You’ll need to be more specific with your questioning.
Do we agree that choices are not free? That the set of choices available to someone is determined by precededing moments, a chain of which extends back well beyond anything a person could be held not merely responsible for but indeed capable of having any influence over at all?
You seem to be misunderstanding the point I am making. I am not arguing that the only thing that dictates wealth are the decisions of the individual. I am arguing that the decisions of the individual contribute to their wealth. Maybe you see the world from a determinist mindset, but I certainly don’t. There are always choices we can make about how we choose to live. Sometimes these require sacrifices, such as the choice to not have 7 children.
But 7 children doesn’t influence your geographical location, the quality of your education, your skin colour, the quality of your parents’ education, your familial wealth, your health, the stability of your home life, your gender, your health, the job opportunities upon attaining your majority etc etc etc. It is negligible and largely downstream of the good luck required to be well off and does nothing to undermine wealth being all luck.

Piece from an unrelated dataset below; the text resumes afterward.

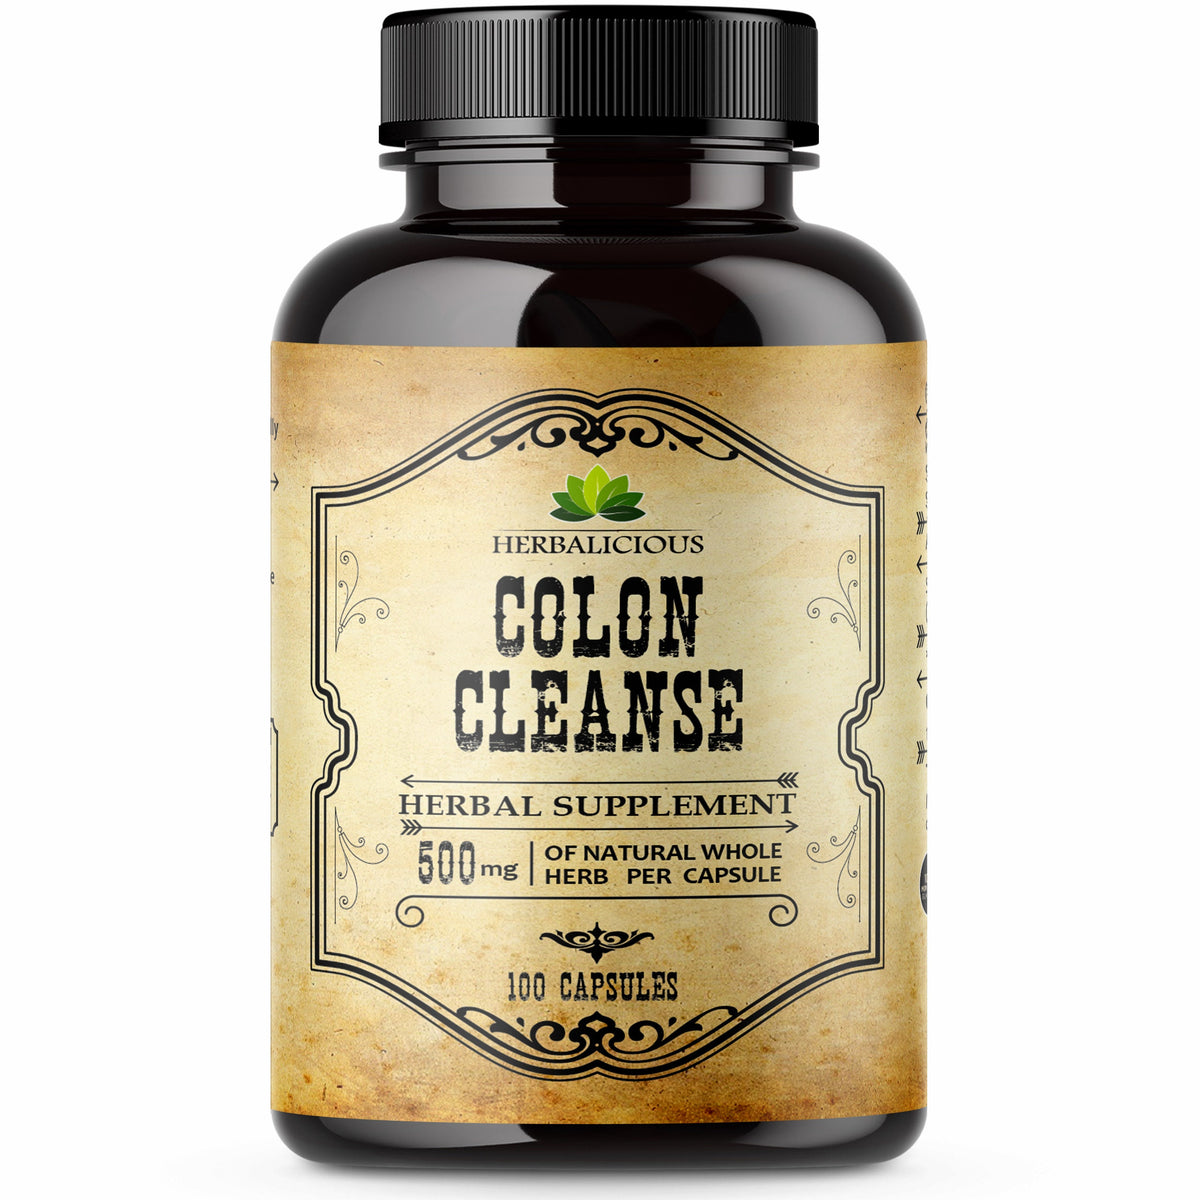 Colon Cleanse – 100 Capsules Color Cleanser Dietary Supplement All Natural Senna Leaf Powder Herbal Supplement Promotes Digestive Regularity
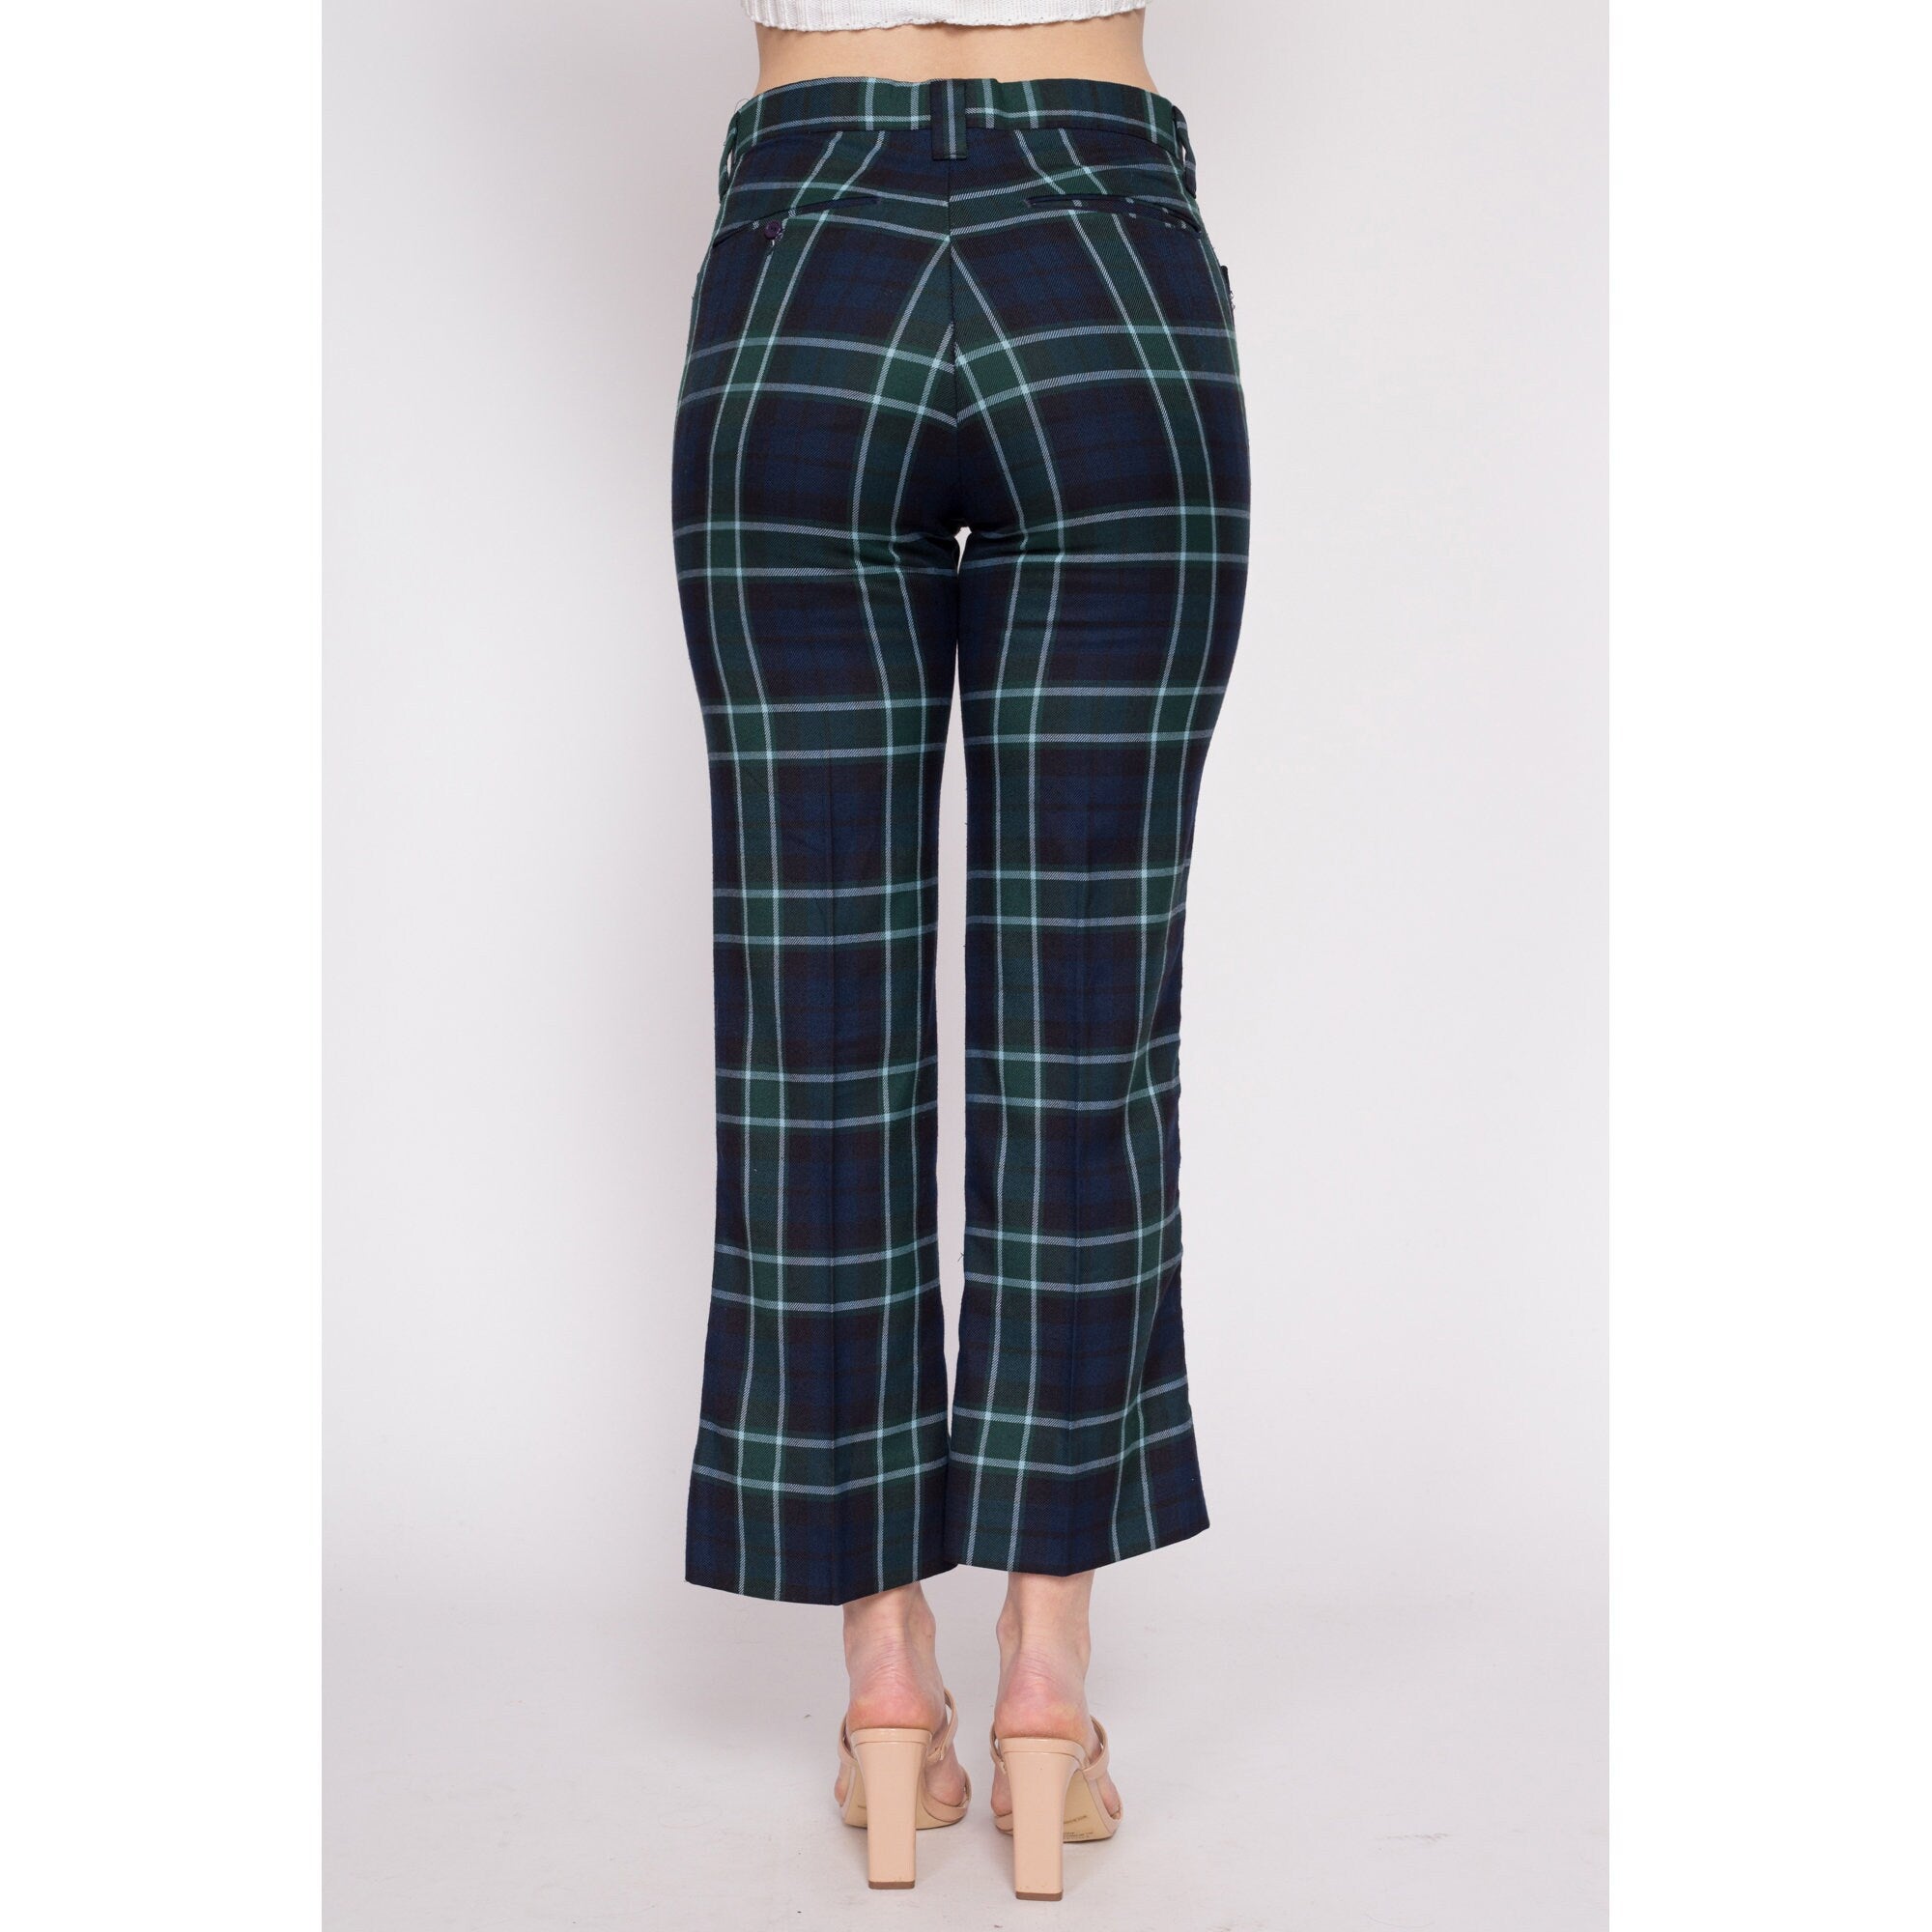 How to Wear Green Plaid Pants: Top 13 Stylish Outfit Ideas for Ladies -  FMag.com

I never said it did. Please refer to my previous reply:
What determines what choices you want to make? What determines your ability to exercise agency? what determines your values?
You’re looking at people who sit around a table, get dealt a hand of cards, have randomly assigned levels of skill and then after everyone has played their hands you’re trying to argue luck wasn’t what determined how people scored…
Again, please refer to that same comment. I have already addressed the determinist view. If you think you have zero control over your life and everything was set in stone before you were even born, good for you. To me, that is a nihilistic, fatalistic and defeatist approach to life that will only further entrench any inherent disadvantage one suffers.